--- Data to use Enclosed Below ---

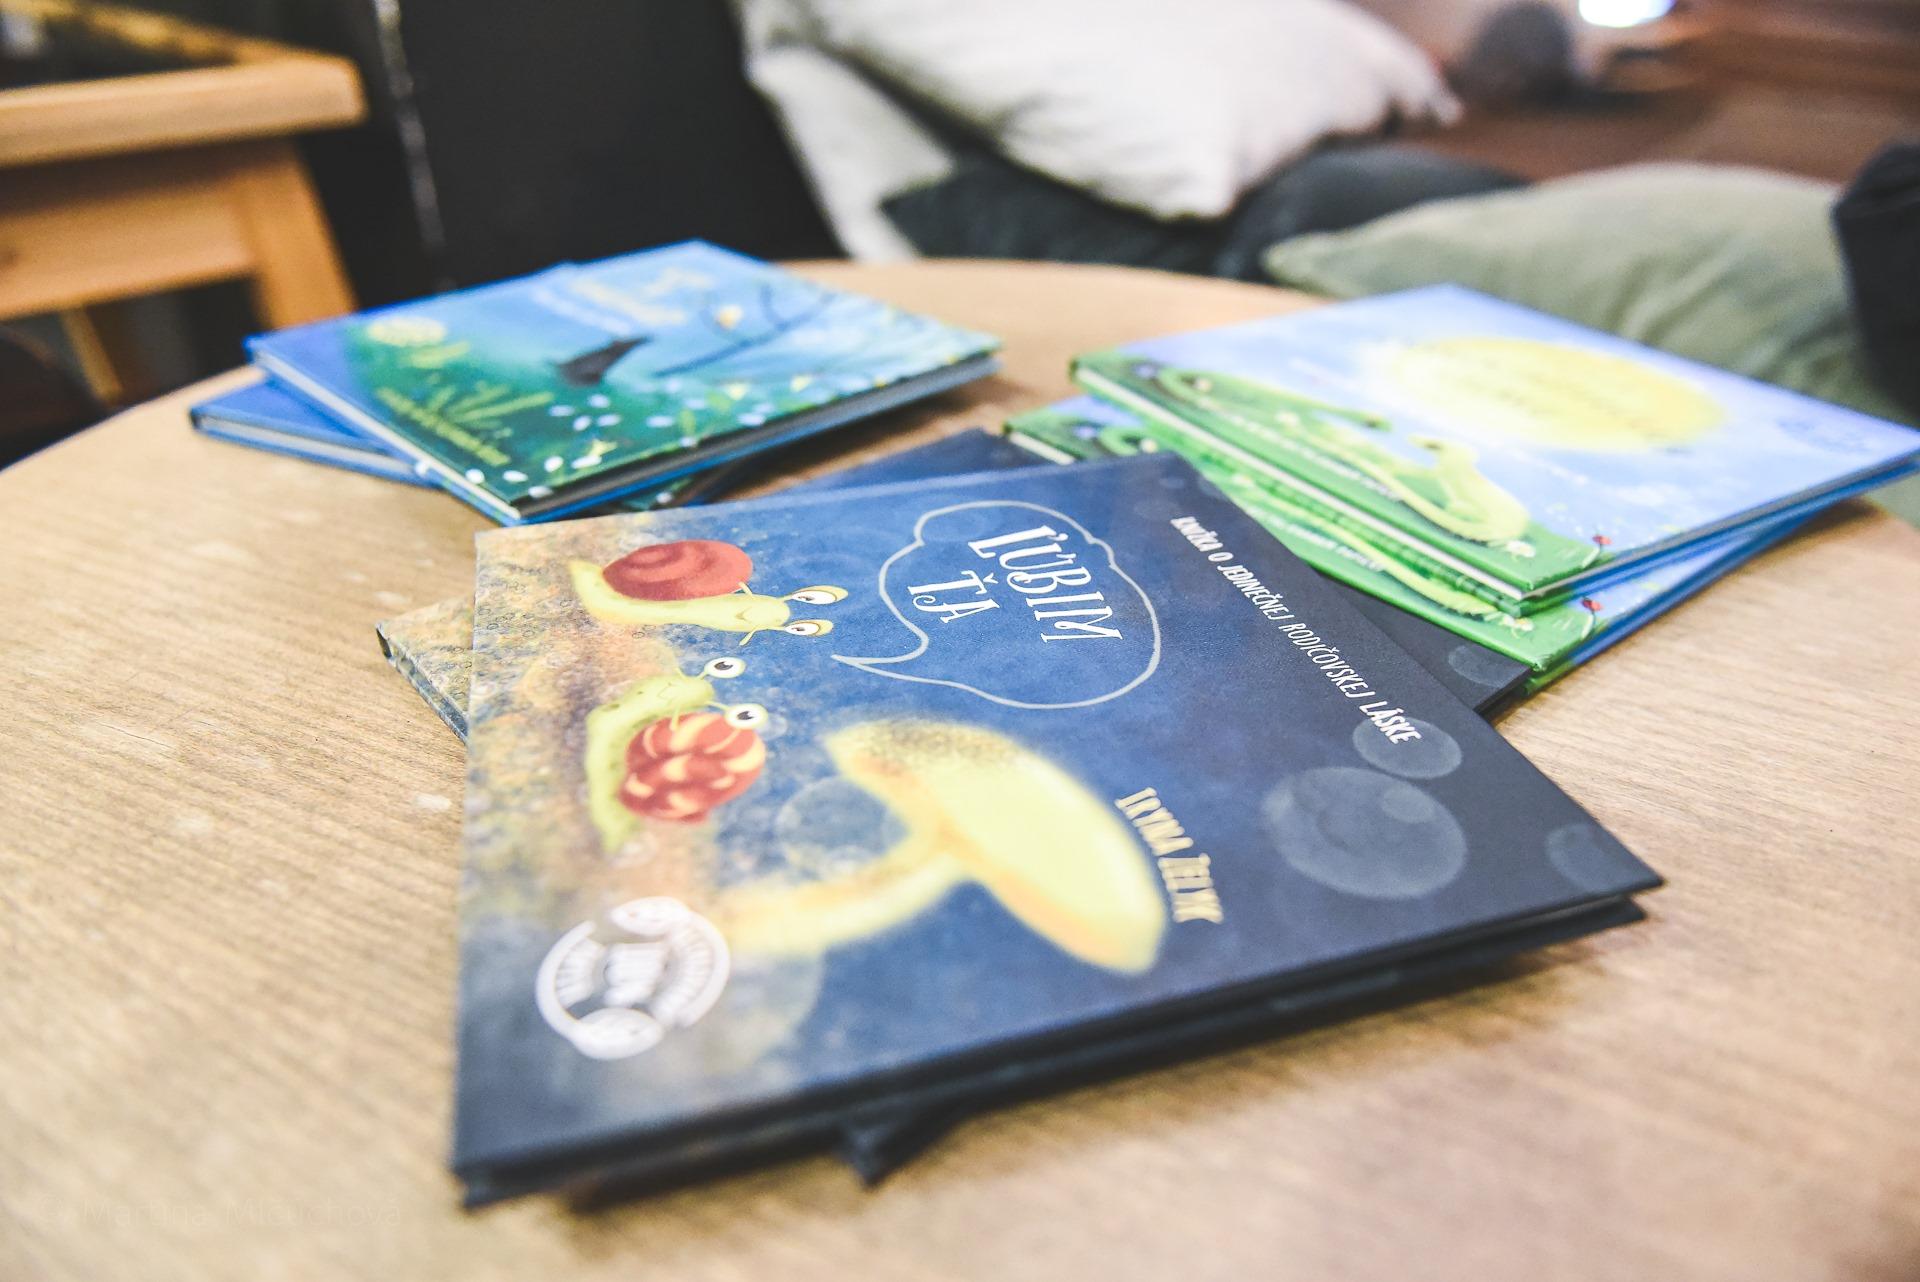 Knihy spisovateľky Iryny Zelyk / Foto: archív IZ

--- End of Enclosed Data to use ---
--- Data to use Enclosed Below ---

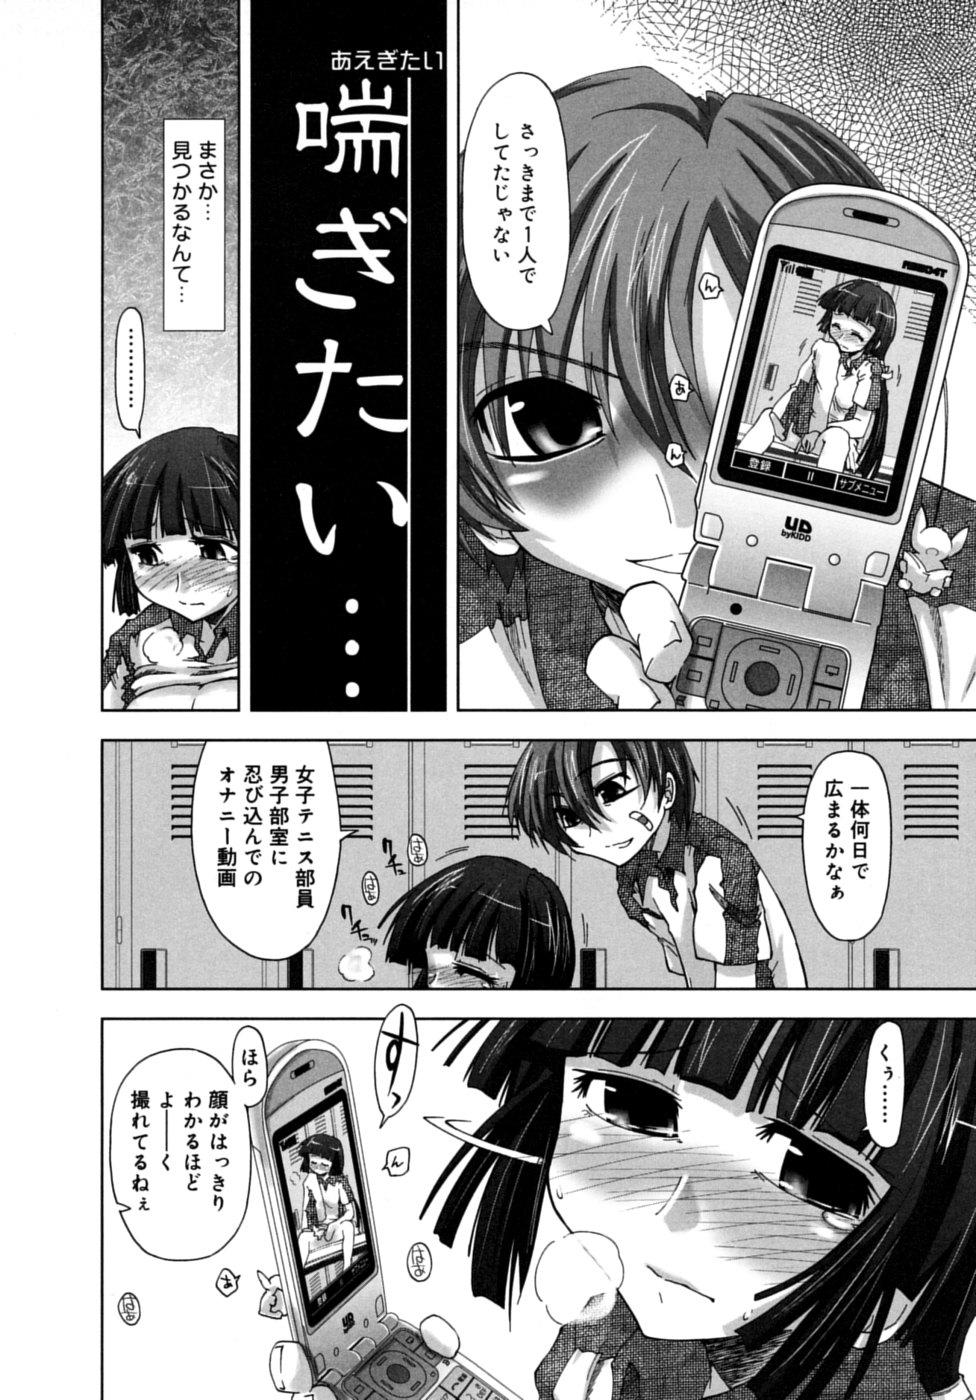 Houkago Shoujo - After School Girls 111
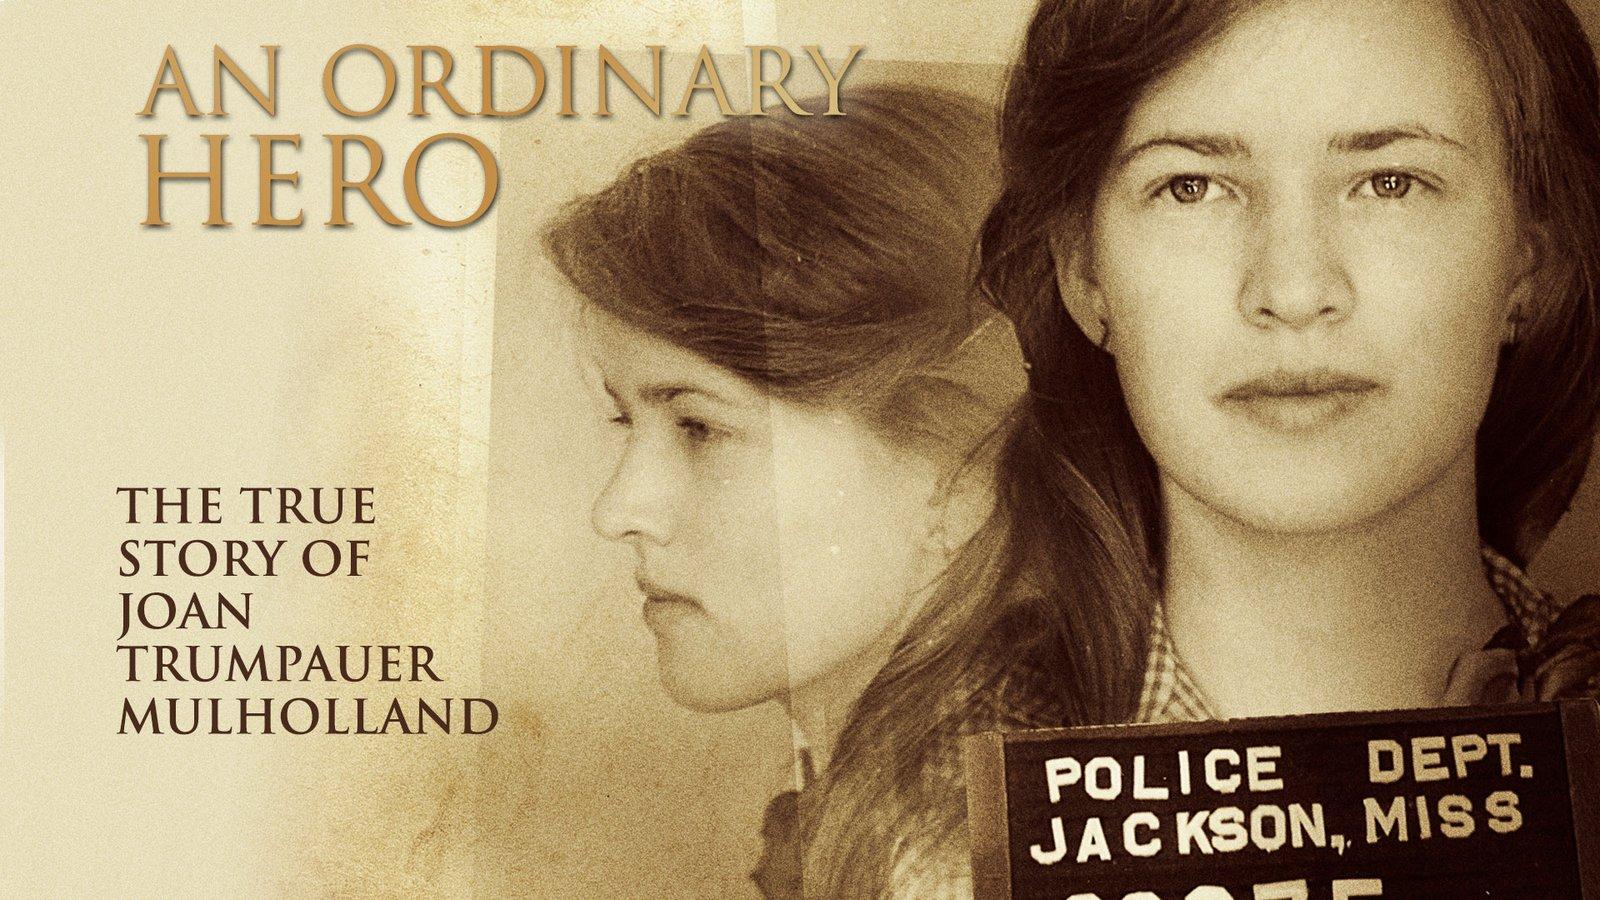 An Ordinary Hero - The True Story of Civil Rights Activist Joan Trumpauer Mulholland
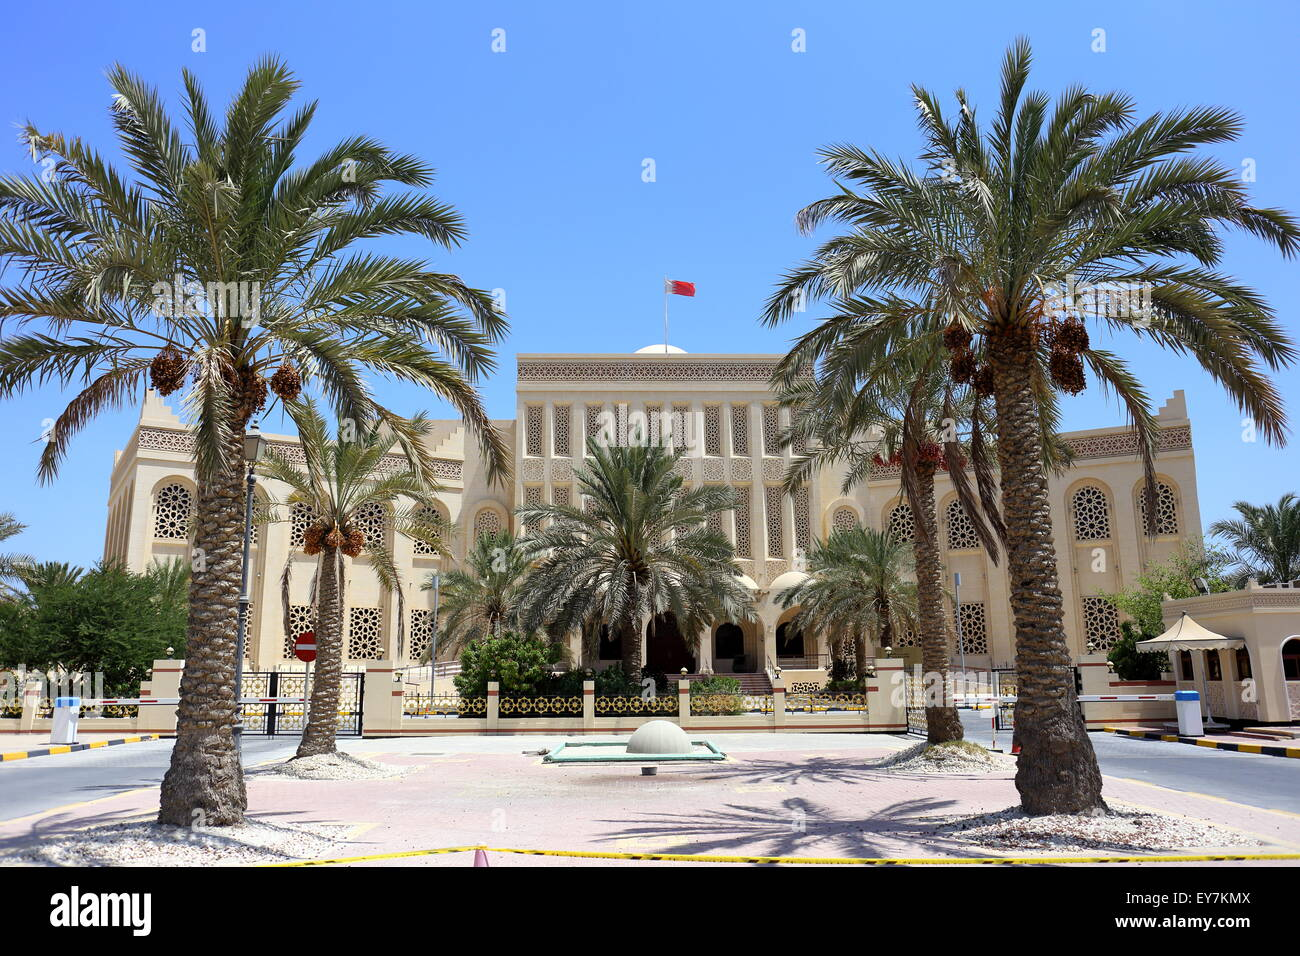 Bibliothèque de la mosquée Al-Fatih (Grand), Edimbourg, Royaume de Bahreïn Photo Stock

--- End of Enclosed Data to use ---
--- Data to use Enclosed Below ---

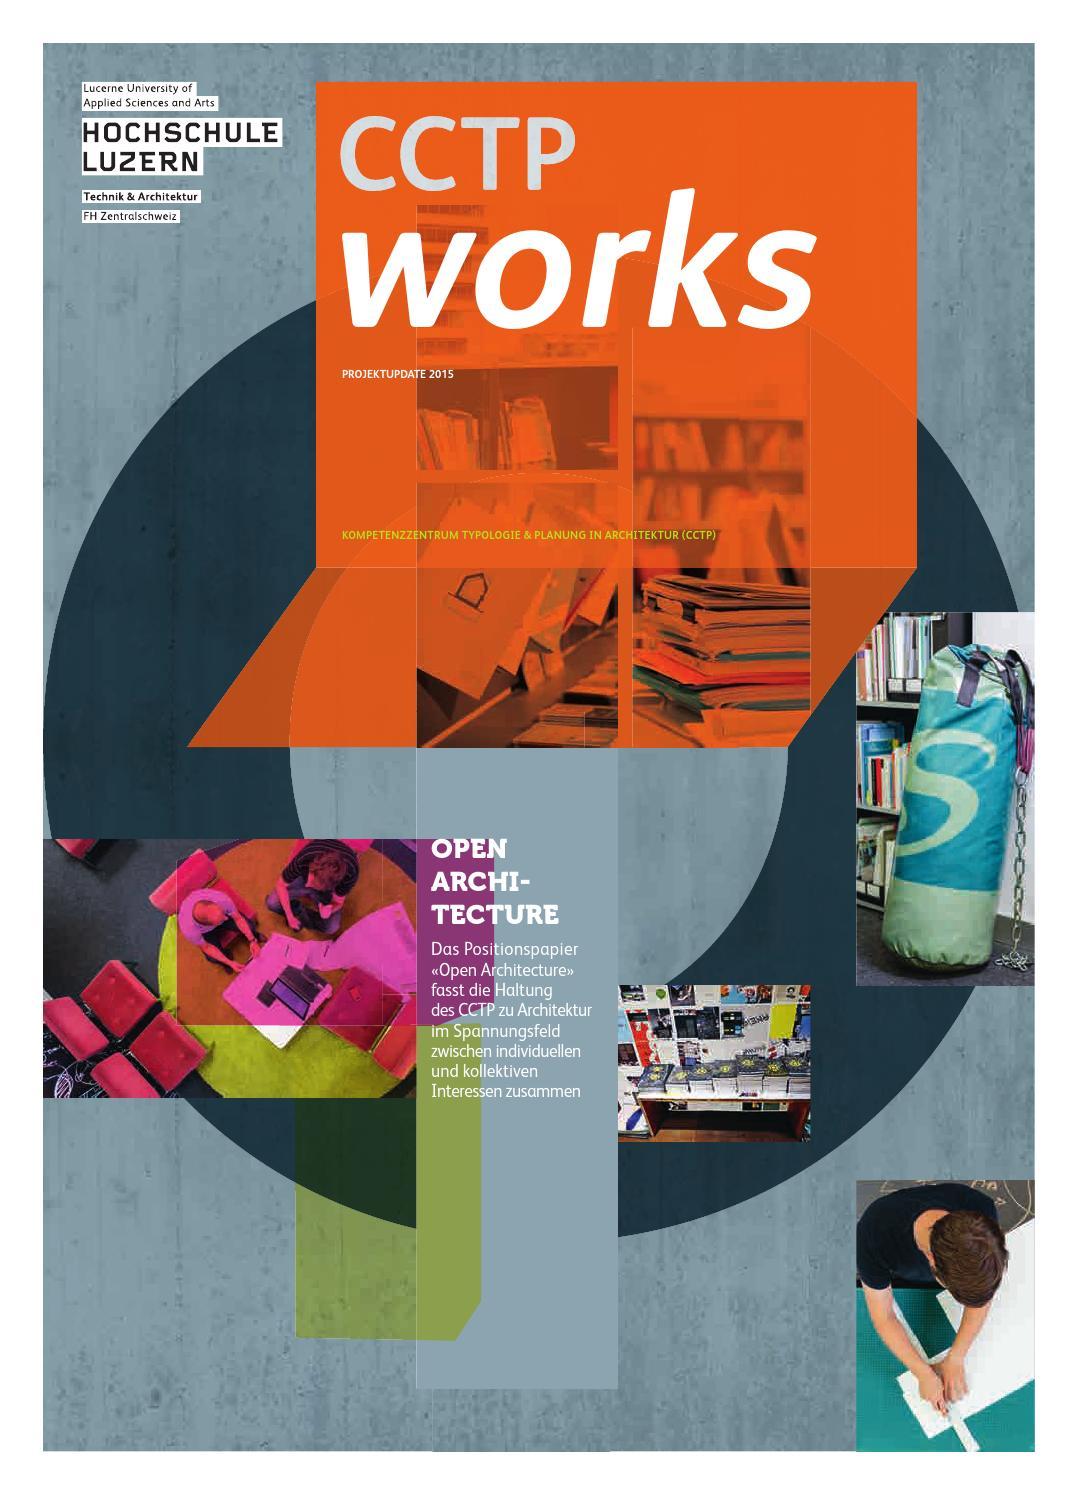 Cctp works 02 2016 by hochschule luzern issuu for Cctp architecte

--- End of Enclosed Data to use ---

--- Instructions for the task ---
Nothing but the lines from the one with "Houkago Shoujo - After School Girls 111" to the one with "Bibliothèque de la" above, both included, should be transcribed, exactly and without pictures.

--- Final answer ---
 Houkago Shoujo - After School Girls 111
 An Ordinary Hero - The True Story of Civil Rights Activist Joan Trumpauer Mulholland
 Bibliothèque de la mosquée Al-Fatih (Grand), Edimbourg, Royaume de Bahreïn Photo Stock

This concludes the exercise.